Safran in China: the advantages of training

The CFM training center in Chengdu (a 50/50 Safran/GE joint-venture) completes the Group’s network in China, boosts its credibility there and showcases Safran expertise.

The CFM training center in Chengdu recently welcomed its 10,000th trainee, and hosted the first borescope inspection competition (‘borescope inspections' involve inspecting engines with micro-cameras) this September. This CAAC (Civil Aviation Administration of China) competition will allow participating Chinese airlines to benchmark their technicians' expertise. And the venue was no coincidence: it mirrors the trust that Safran has earned with its Chinese partners.

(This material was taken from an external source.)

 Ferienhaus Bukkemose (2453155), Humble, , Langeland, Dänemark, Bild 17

This center has four full-time instructors and trains Chinese airline technicians and supervisors year round. The courses last five days on average and include two days in workshops. It has established an outstanding reputation and the CAFUC (Civil Aviation Flight University of China) uses it as a showcase (besides overseeing it). Several prominent politicians, and celebrities including actor Jackie Chan and even Miss World have visited the team!

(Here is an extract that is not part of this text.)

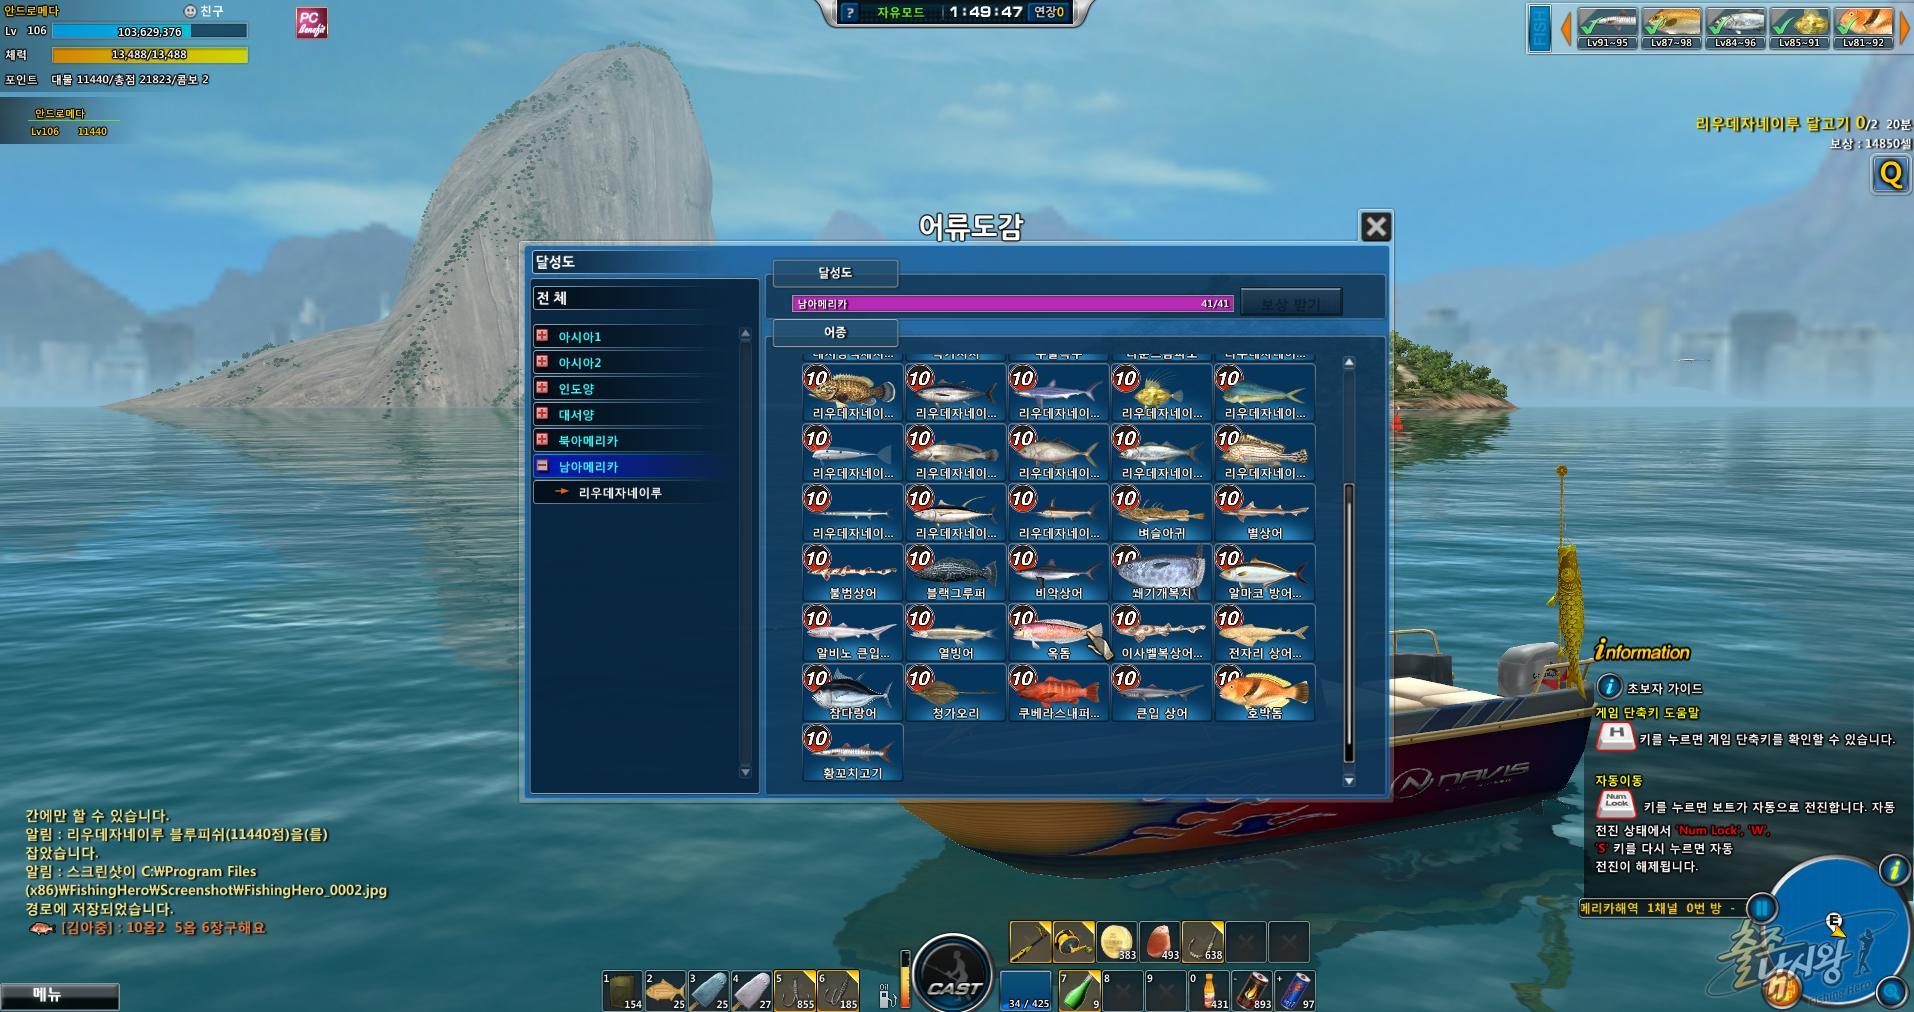 FishingHero_0003.jpg
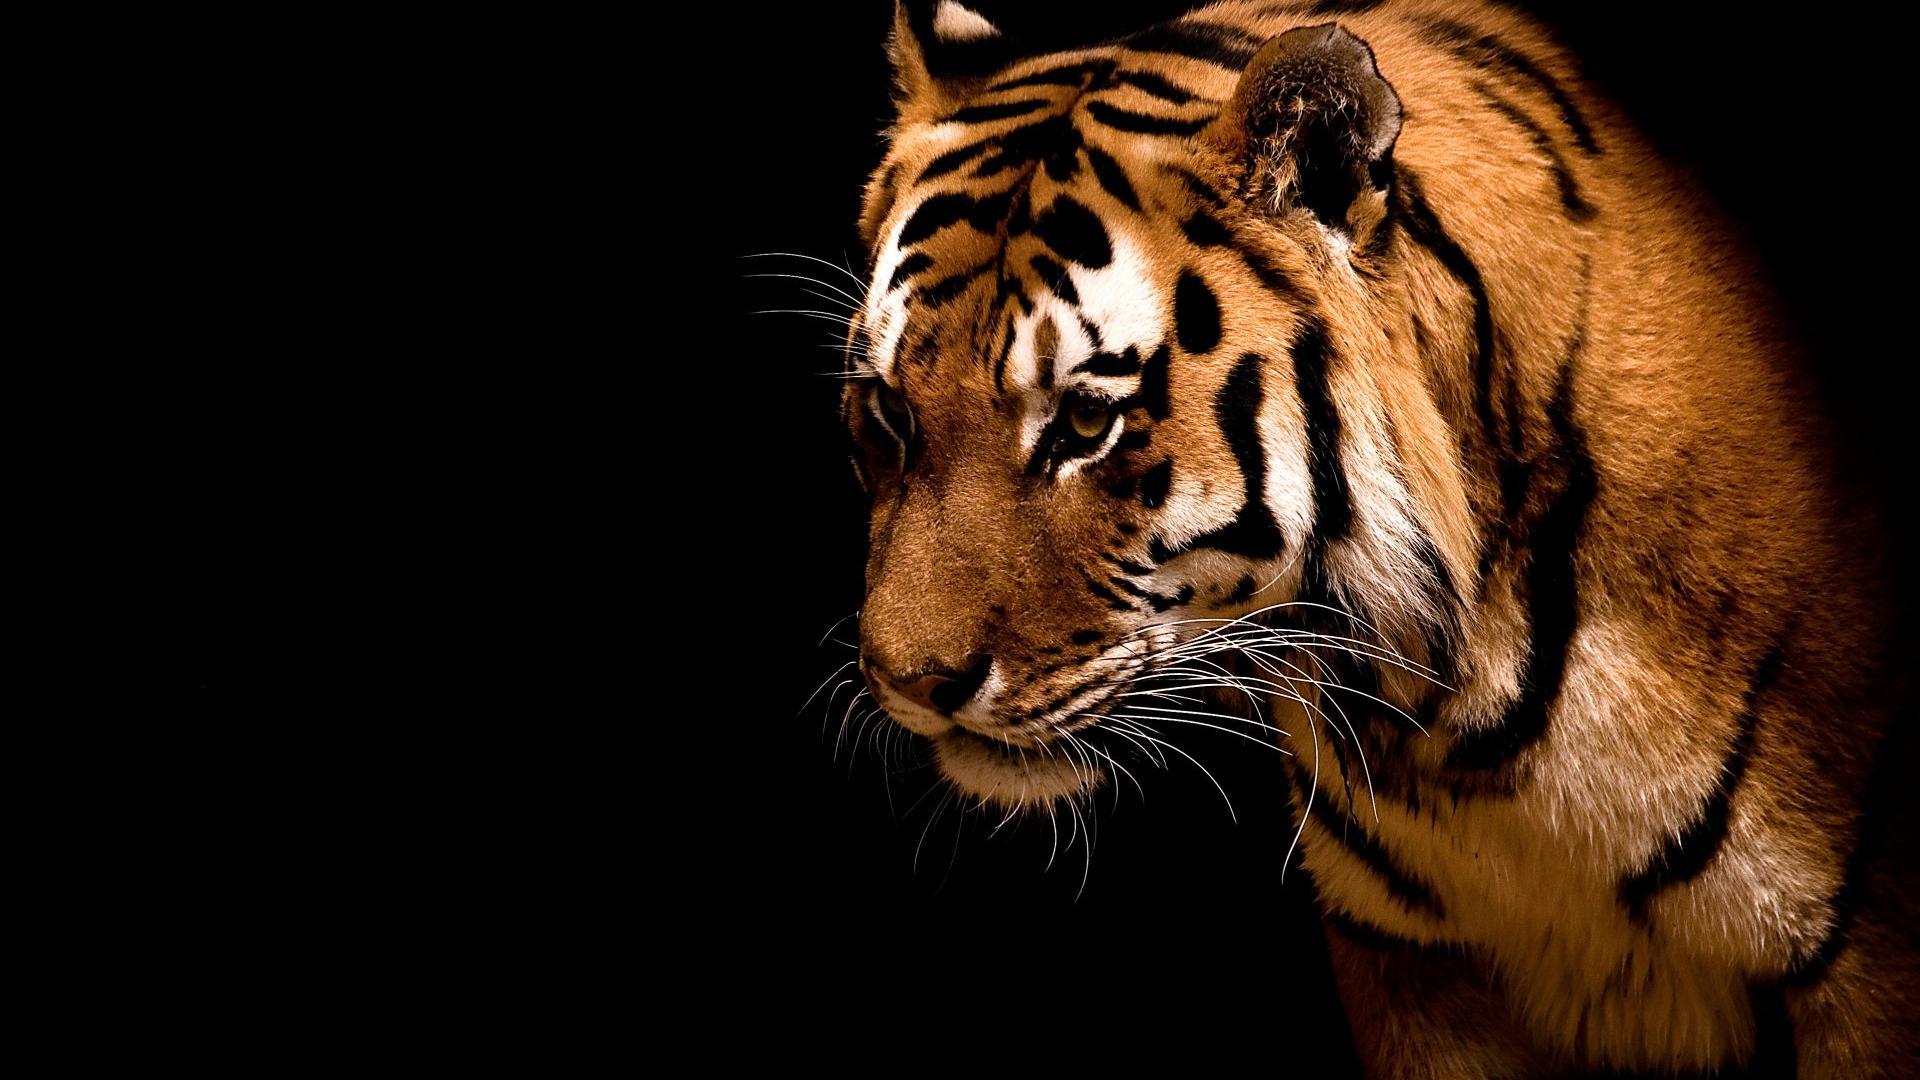 картинки тигра на рабочий стол

A training center in China
This rocketing success was not easy to imagine back in the early 1990s, when Safran started training staff from Chinese airlines that used CFM56 engines to power their aircraft. Flying trainees to training centers in Cincinnati (USA) or Montereau (France) proved impractical, and the travel costs and language barriers soon prompted companies to send managers rather than operational staff. That in turn led to the decision to open a training center in China. Talks began in 1992, the parties reached an agreement in 1994, and the training center opened in November 1996. CFM seconded the general manager and chief instructor until 2001, when local employees replaced them.

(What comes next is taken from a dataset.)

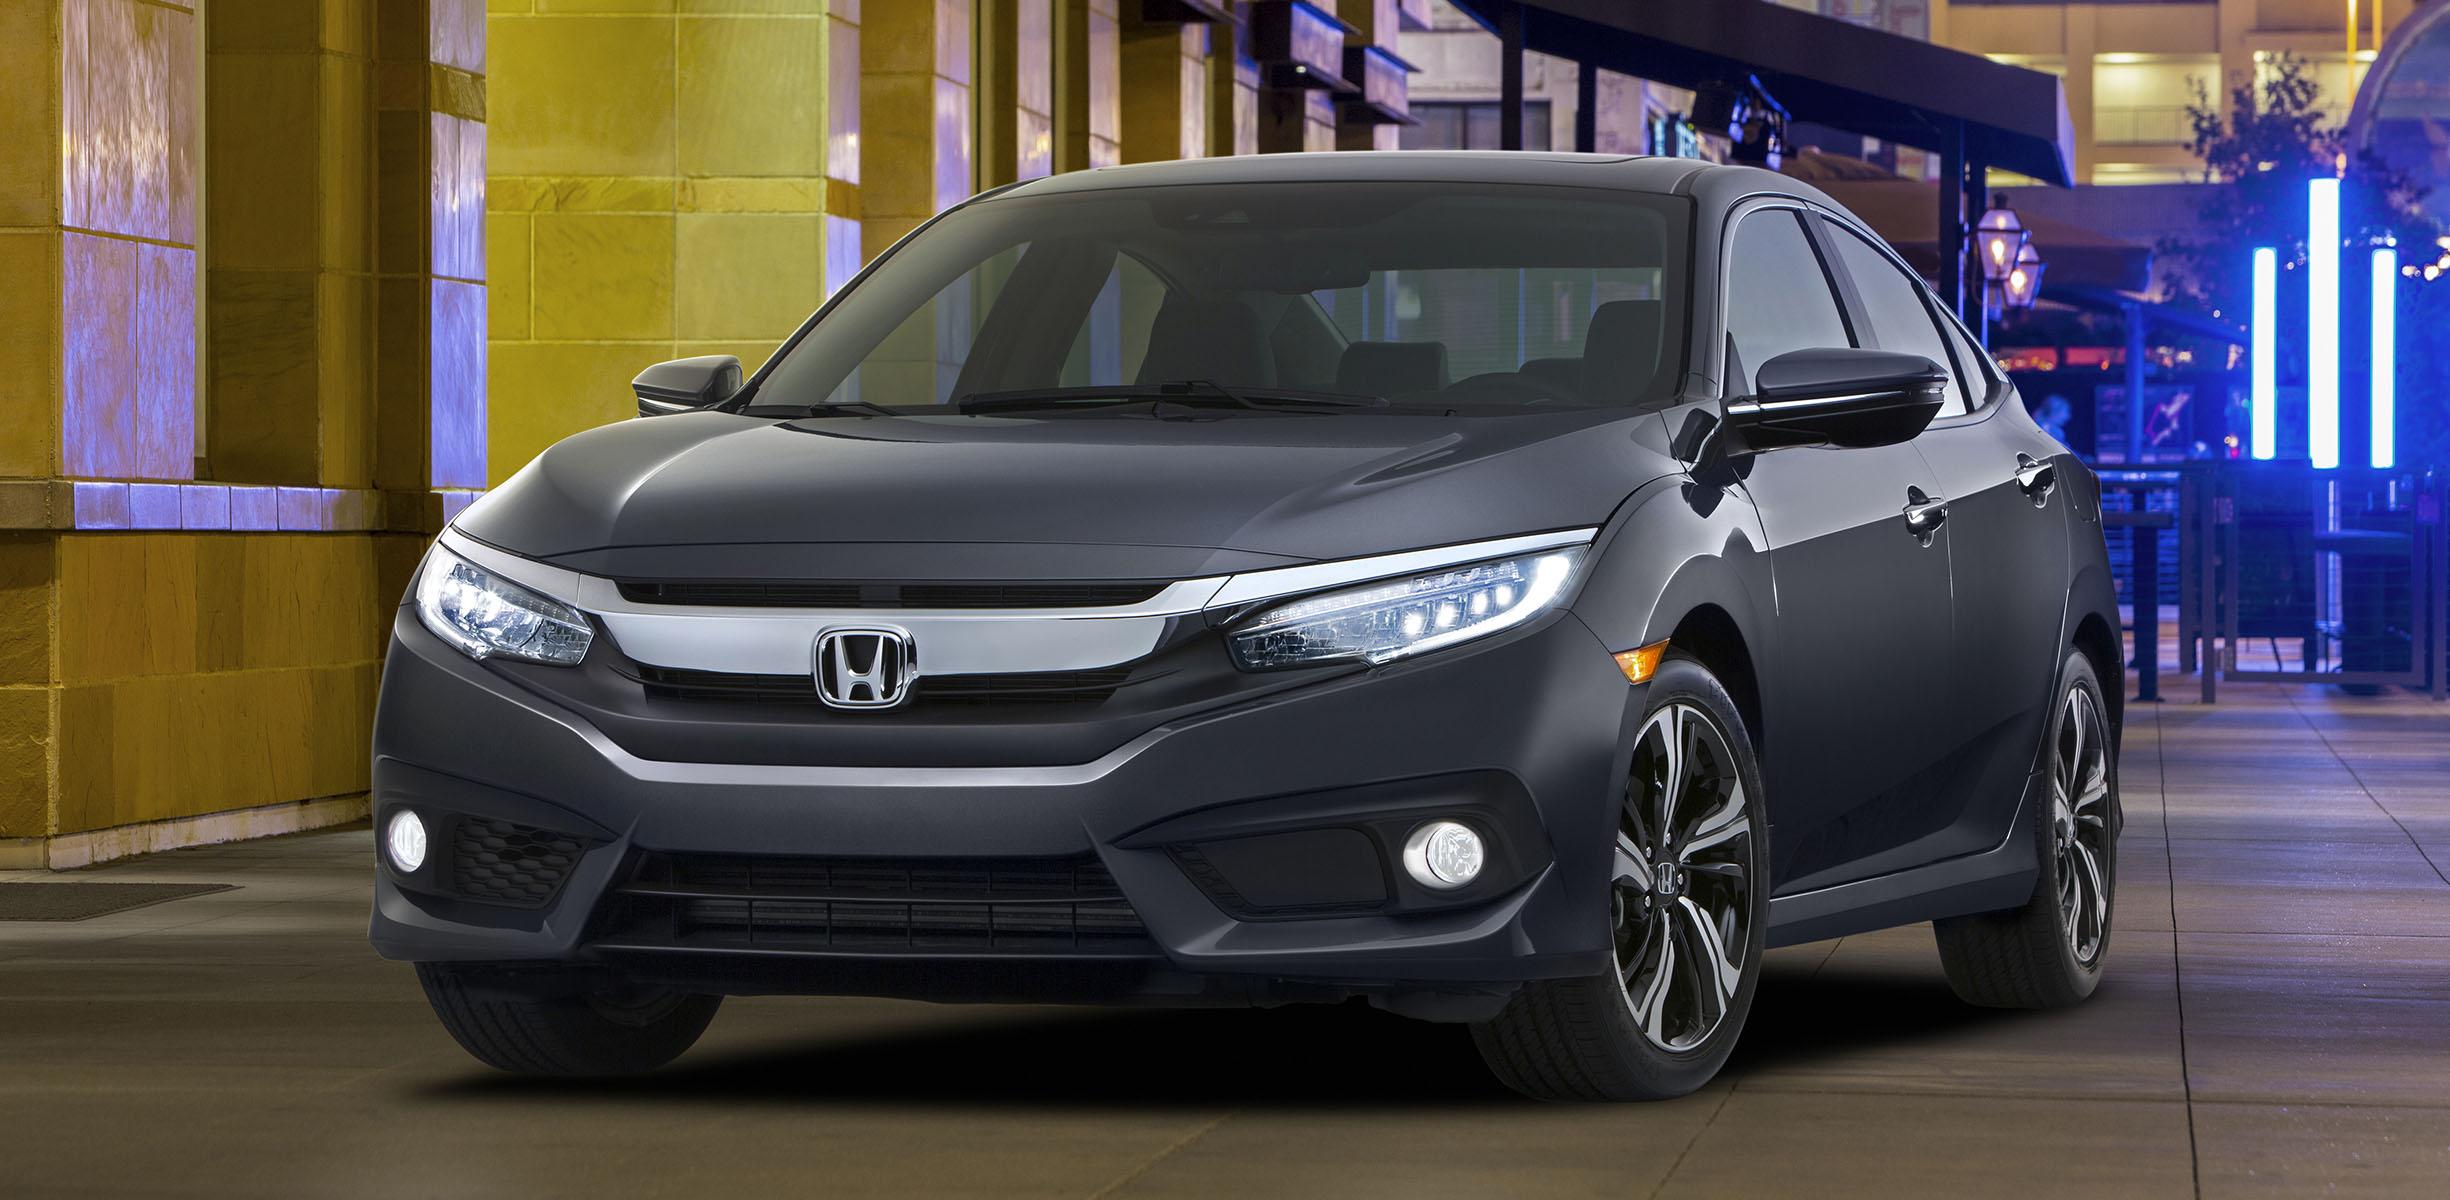 Lovely 2016 Honda Civic Sedan Unveiled Nice Look

A stepping stone for the long term
"Chengdu is our third CFM training center worldwide, and it is bolstering Safran's strategy in China on two fronts," explains Snecma (Safran) China Operations General Manager Olivier Laroche. "First of all, our Chinese partners want us to establish a local presence for the long run. This is a very down-to-earth sign that we are serious about doing exactly that. Now that we have reassured them of that, it will help us to sell engines, because now they know they will get quality maintenance services. The other big advantage is that this center has slashed training costs – in France and China."

The Chengdu training center completes the Group's CFM operation in China, which encompasses a sales team, airport-based technical crews, spare engine rental services, a spare parts shop, a repair center and a customer support center available 24/7. All these advantages should place Safran among the first companies to enjoy the expected rapid growth in air transport in this part of the world.